30 July 2010

Resurrecting the e-word at UNICEF

Earlier this week I was invited to be on a panel designed to help stress-test UNICEF's new "equity approach" to its programming. The panel was chaired by the new Executive Director, Tony Lake.

The hypothesis that Lake and his team have advanced is that the way to improve the cost-effectiveness of their work and to accelerate progress towards the MDGs is to focus on the groups of children and women who are most deprived in terms of indicators such as under 5 mortality rates, maternal mortality and undernutrition.

Over the course of the day presentations were made by a team of UNICEF analysts, exploring this hypothesis. The team worked through several questions: when is it more expensive to reach the most deprived? Is the per-person impact of doing so larger than the impact on the less deprived? What does this translate into in terms of overall disease burdens? What do the resulting benefit-cost ratios look like?

What does a more equity focused strategy look like? The two key differences from business as usual were a greater reliance on conditional cash transfers and on community engagement. The former has proven to be one way to really reach the poorest and the latter has proven (in some narrow ways such as community lay health workers) to be effective in bringing in those previously excluded from access to quality services.
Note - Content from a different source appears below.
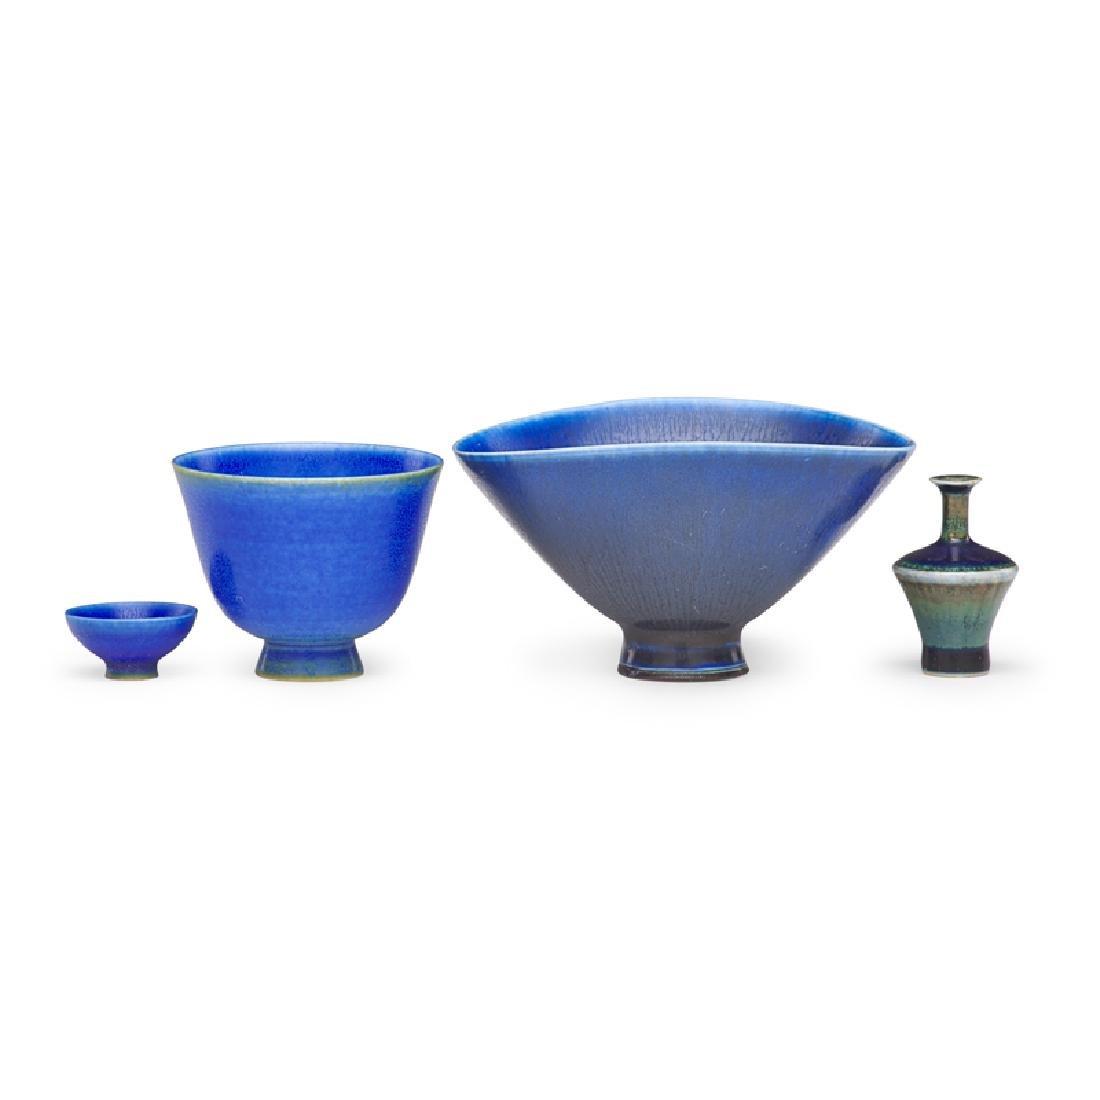 BERNDT FRIBERG ETC. Four miniature vases - 3

The analytical work was creative in that it pulled together different bodies of knowledge in innovative ways (the Tanahashi "bottleneck" literature (see here for an application), the marginal bottleneck for budgeting literature, and 23 systematic literature reviews on median impact effects of various interventions).

The review panel poked and prodded and helped the UNICEF team to identify weak points in the modelling, the most fragile assumptions and the narrowest evidence bases.

I can't share the results because they are preliminary (to be refined and unveiled at the MDG Summit in September), but they did challenge some of my preconceived ideas and they made me think that the equity focus can be persuasive on an instrumental as well as a values basis.

It was so refreshing to see a major UN organisation pick up the equity banner in an unapologetic manner. Tony Lake's leadership is clearly having a huge positive impact on the UNICEF staff. Based on his engaged participation in the day's discussions it is not difficult to see why.